# Collusive Voting

## Introduction

It is a well-documented phenomenon that Eurovision members generally have voting biases towards (and against) other specific members, suggesting that countries may not be voting entirely on the quality and popularity of entry songs alone. 

To this end, we implement a modified version of the collusion detection algorithm introduced in [Derek Gatherer's paper in the Journal of Artificial Societies and Social Simulation](http://jasss.soc.surrey.ac.uk/9/2/1.html). 

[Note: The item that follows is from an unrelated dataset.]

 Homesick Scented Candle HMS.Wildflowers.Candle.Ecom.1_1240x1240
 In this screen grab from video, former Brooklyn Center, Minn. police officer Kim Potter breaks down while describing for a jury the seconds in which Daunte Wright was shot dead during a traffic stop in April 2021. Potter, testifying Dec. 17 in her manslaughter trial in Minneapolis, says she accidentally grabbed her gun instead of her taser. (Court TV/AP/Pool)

## 1. Reading and cleaning data

The data is obtained from [datagraver](https://data.world/datagraver/eurovision-song-contest-scores-1975-2019/workspace/file?filename=eurovision_song_contest_1975_2019v5.xlsx), with some incorrect information edited out, such as Belarus giving Russia both 12 (correct) and 0 (incorrect) televote points in the 2019 grand final.

### Import modules

In [None]:
import numpy as np
import pandas as pd

# plotting
import matplotlib.pyplot as plt
import networkx as nx


import itertools

# initialize random seed
from numpy.random import default_rng
rng = default_rng()


# import common functions
import sys
import os
module_path = os.path.abspath(os.path.join('..'))
if module_path not in sys.path:
    sys.path.append(module_path+"/modules")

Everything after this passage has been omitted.